Победивший платит
Шрифт:
В крошечной неромантичной прихожей в пару квадратных метров - встроенный шкаф, уходящая в пазы дверь санитарного отсека и проход в комнату, с кухонным уголком за низкой стойкой, - Рау меня целует, потянув на себя и прижавшись лопатками к входной двери. Целоваться он умеет мастерски, почти артистично, и куда как лучше Иллуми, если подобное сравнение еще способно посетить мою голову. Симпатичный, совершенно посторонний мне тип, вкусно пахнущий хорошей выпивкой и давно ко мне подкатывавшийся. А почему бы нет? Мир не опрокинулся. А я не давал обета уйти в монастырь.
Я один уже скоро месяц. Долгий
Надувная кровать чуть пружинит, принимая двойной вес. И даже не надо объяснять холеному, сладко пахнущему, красивому парню, чтобы тот раздвинул колени. Прикусив губу, Хенн всем телом подается вверх, прогибая спину, едва ли не пришпоривая меня скрещенными за поясницей ногами.
– Ощущаешь мои достоинства... сероглазый?
– Еще бы, - выдыхаю, с наслаждением вколачиваясь в податливое и горячее, - замечательно даешь. Наглядно. Словно тебя специально для этого сделали, а потом долго учили... всем полком.
– Преувеличиваешь, милый, - оскаливаясь в улыбке, сообщает он.
– Всего-то ротой.
Стискиваю его бедра так, что на бледной коже должны потом оставаться следы моих пальцев, и доказываю дьявольски соблазнительному созданию, врагу, военному разведчику, цету проклятому, что я - его мужчина и это замечательно. Рау вьется и вскрикивает, закусывает собственные пальцы, словно чувствуя приближающийся миг потери всяческого контроля и не желая выглядеть неизящно. Есть ли что-то более возбуждающее, чем эта точно отмеренная доза мужской беспомощности?

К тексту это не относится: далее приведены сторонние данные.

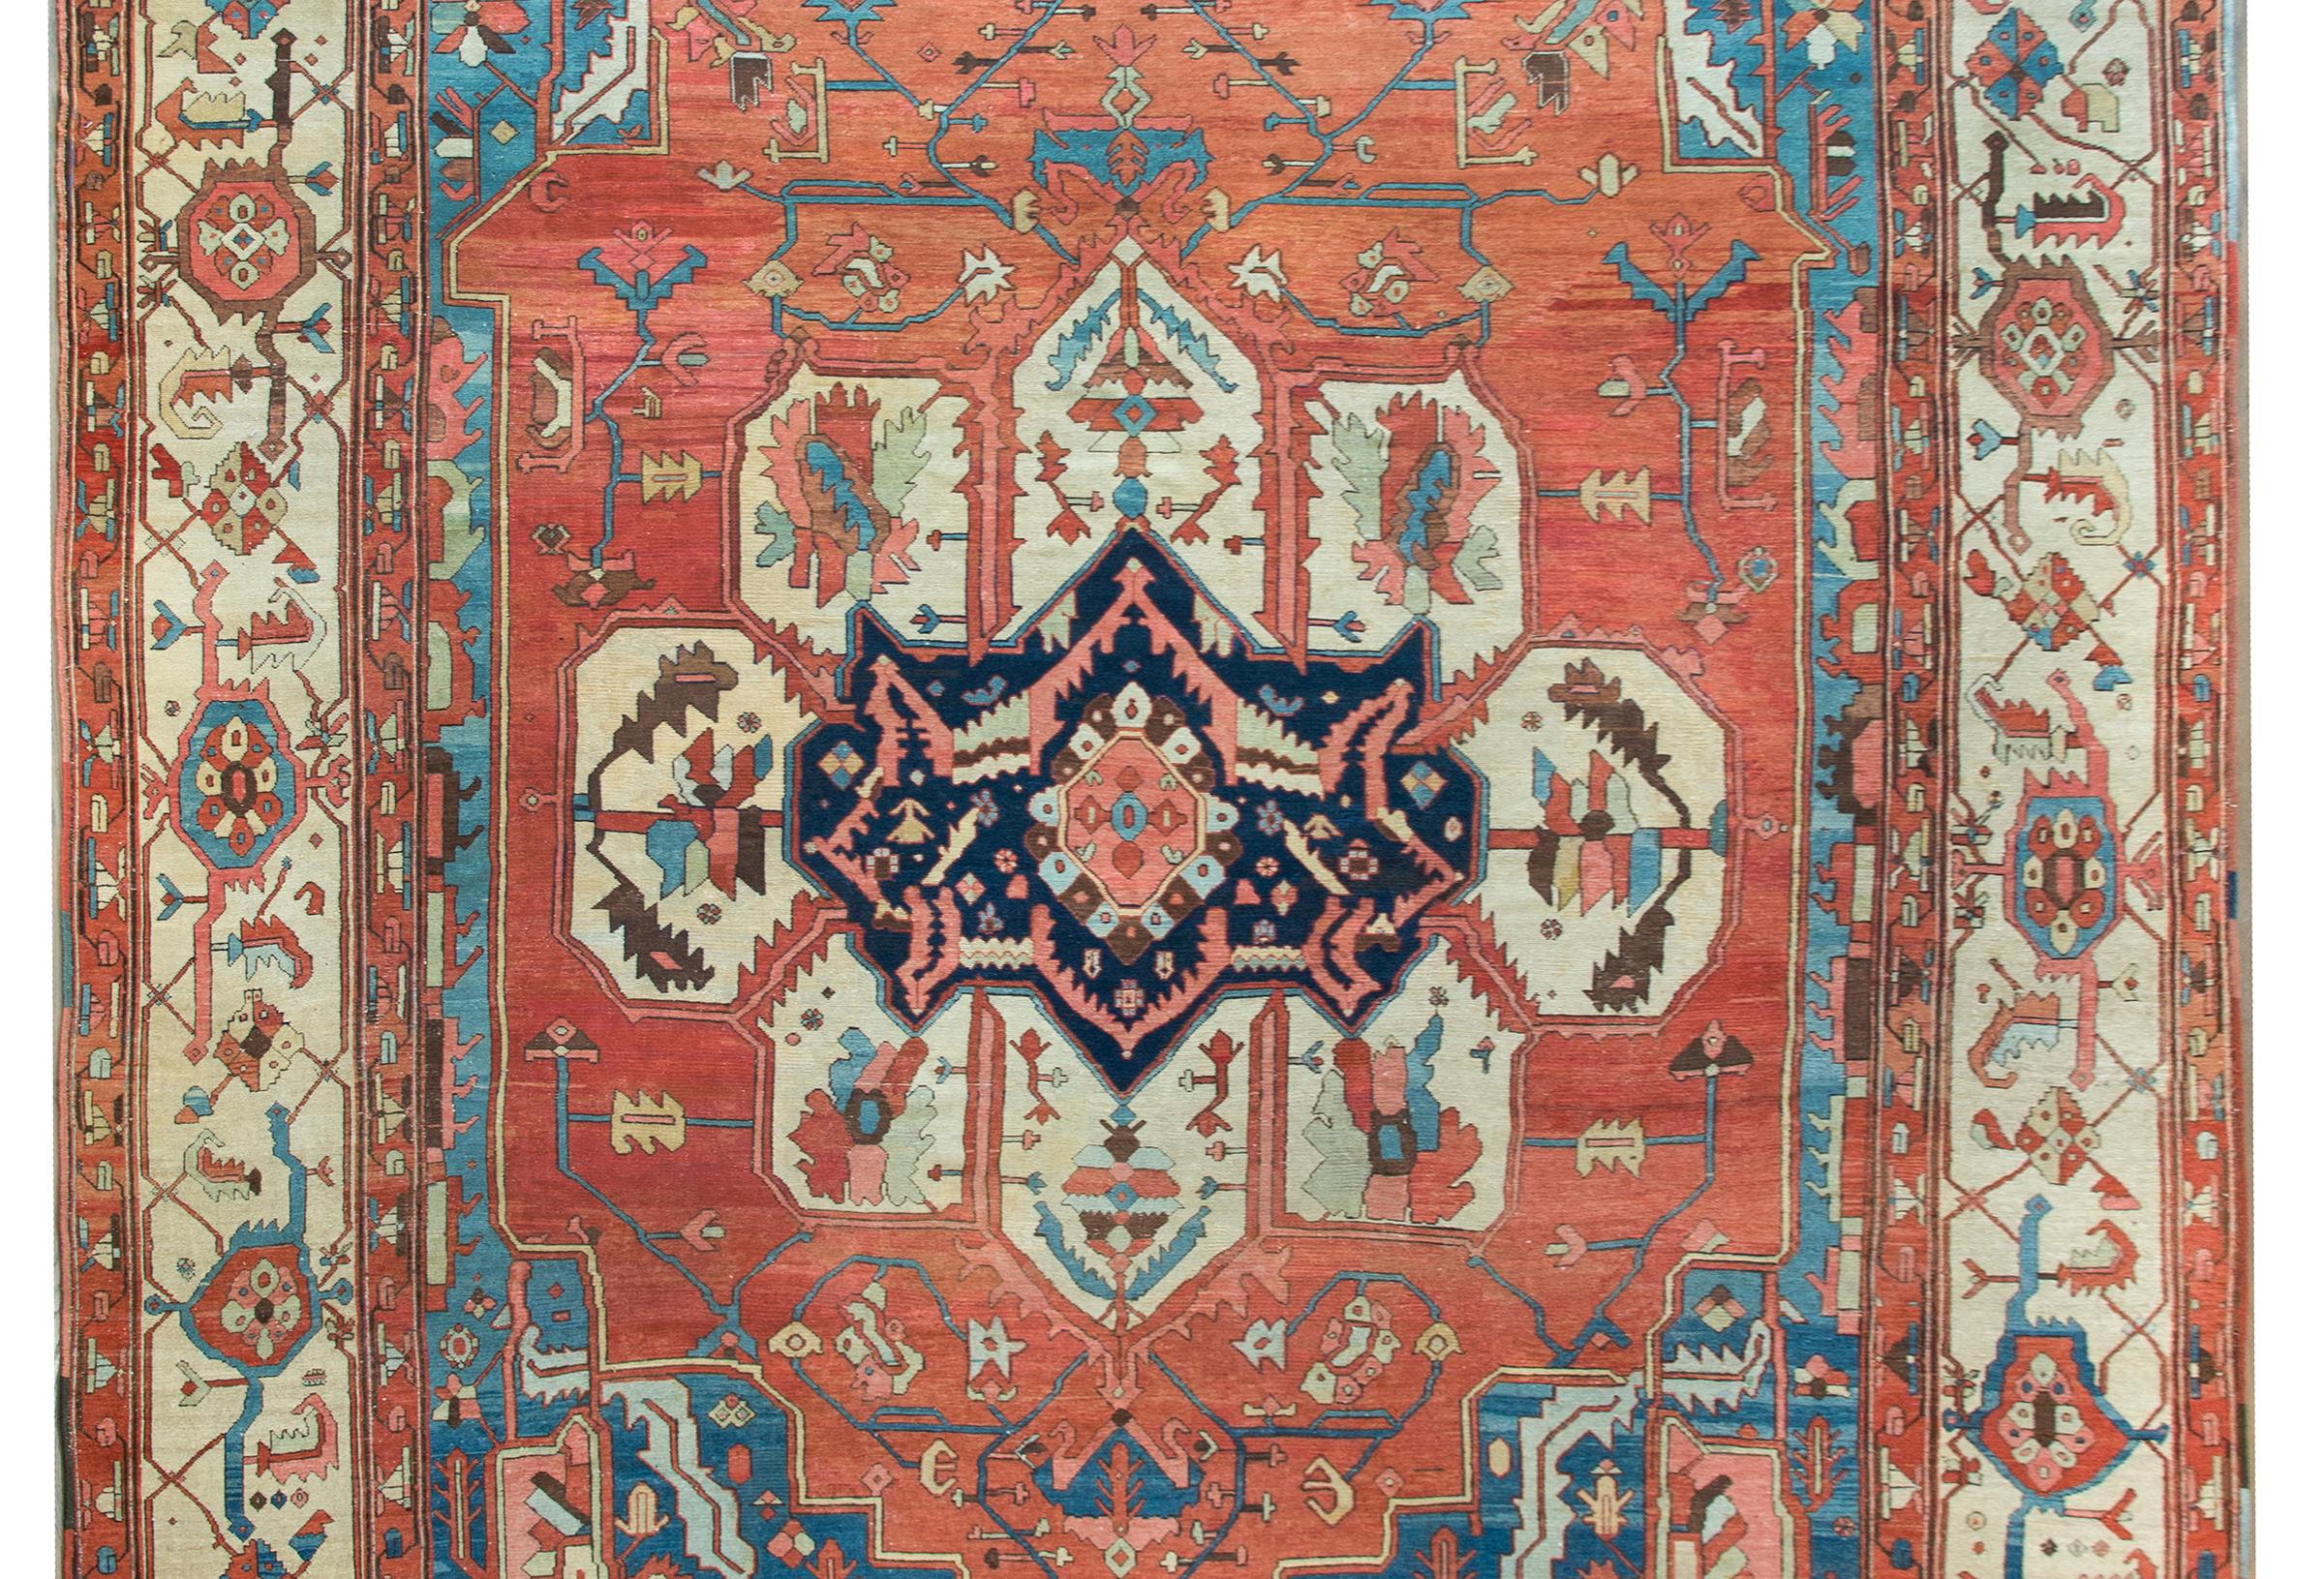 A stunning and one-of-a-kind late 19th century Persian Bakshaish rug with most wonderful asymmetrical central floral medallion woven with myriad stylized large-scale flowers, leaves, and scrolling vines woven in light and dark indigo, pink, crimson,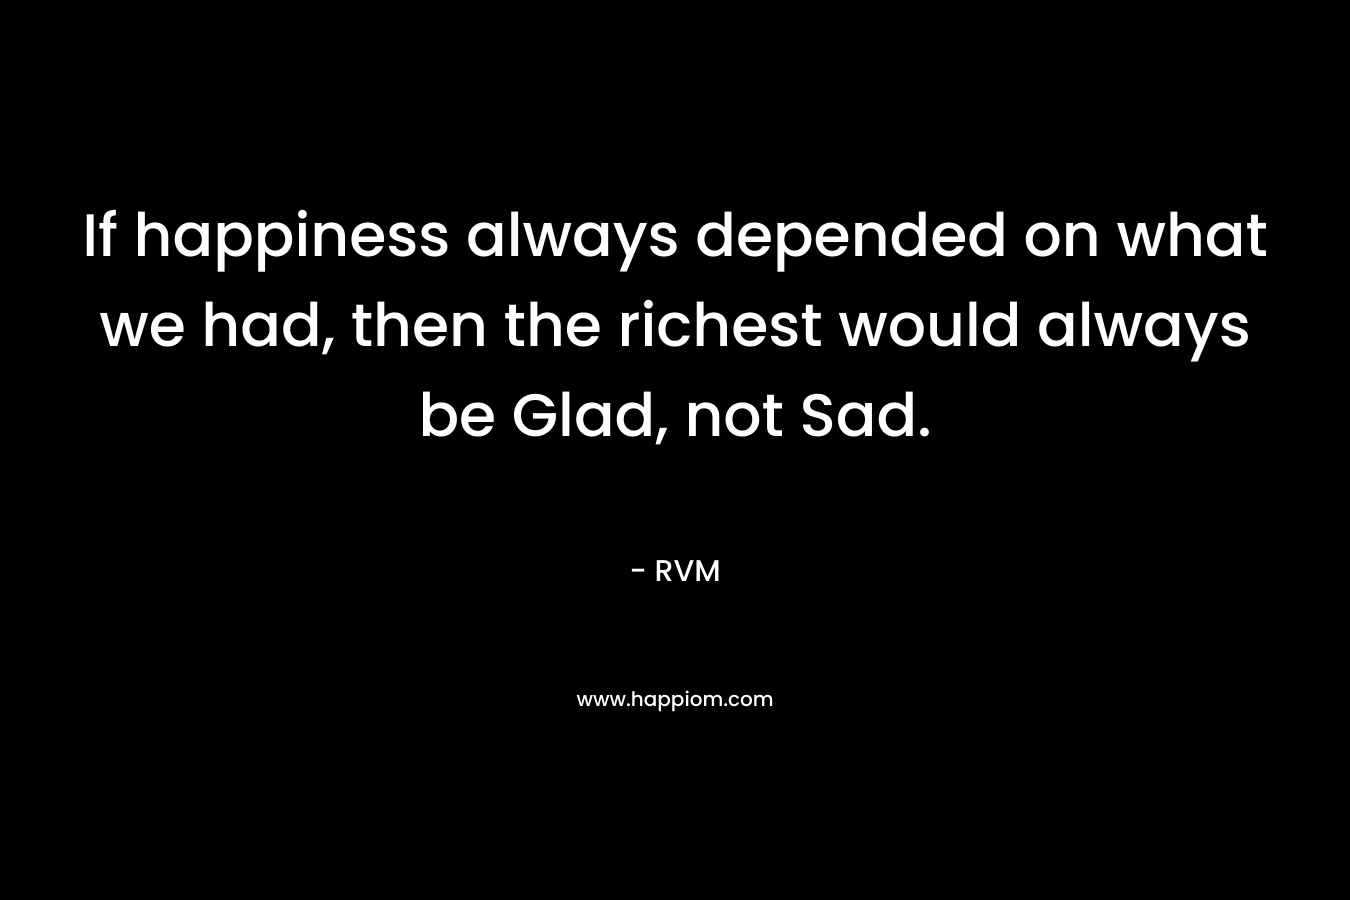 If happiness always depended on what we had, then the richest would always be Glad, not Sad.

Он выгибается - гибкий, похожий больше на животное странной получеловечьей породы, чем на обычного мужчину, пусть даже со всеми цетагандийскими эстетическими изысками. И ногти, впивающиеся в плечо, впечатление лишь усиливают, как и низкое долгое мурлыканье, доносящееся до меня сквозь гул крови. И вправду создан для подобного времяпровождения, сам это понимает и такой судьбе рад.
– Давай, барраярец, - шепчет он, кусая губы.
– Не медли.
Я не медлю, - напротив, не могу затормозить, подлетая на полной скорости к финишу. Вспышка, и я получаю свое, в эту секунду искренне не понимая, какого черта я устроил себе период воздержания.
– Хорош, - признаюсь я, тяжело дыша и буквально растекаясь после впечатляющего финала по кровати и по распластанному подо мною телу.
Пальцы, стиснувшие мое плечо, медленно разжимаются, и мокрый с ног до головы Рау прерывисто вздыхает и закрывает глаза.
– Рад, - соглашается он расслабленно.
– Комплименты сразу после того, как - дорогого стоят.
Но тратить поздний вечер на сон Рау все же отказывается, со смешком требуя у меня положенной нежности, заботы и чашку кофе - хотя бы растворимой дряни. Крепкий напиток действительно бодрит, а еще придает ощущение некоей нереальности. День или ночь, неясно, - на станции разница условна, - незнакомое место, не тот мужчина в постели рядом со мной, а старые привычки так и норовят всплыть на поверхность, окончательно меня запутывая.
Рау садится на постели с кружкой, скрестив ноги.
– Тебе стимулятор добавить?
– интересуется он, дотягиваясь до сброшенной на пол накидки и выуживая оттуда упаковку ампул.
– Что, так и носишь это добро с собою, чтобы время на сон не тратить?
– невольно любопытствую я.
– Именно так, - Рау кивает, допивает кофе залпом, потом вытягивается рядом со мной и без лишнего стеснения закидывает руку на грудь.
– Я собираюсь с толком провести оставшиеся нам часы за исследованием, хм, межкультурных различий.
– В каком это смысле?
– спрашиваю, оторопев.
Рау улыбается, явно довольный, что сумел меня озадачить.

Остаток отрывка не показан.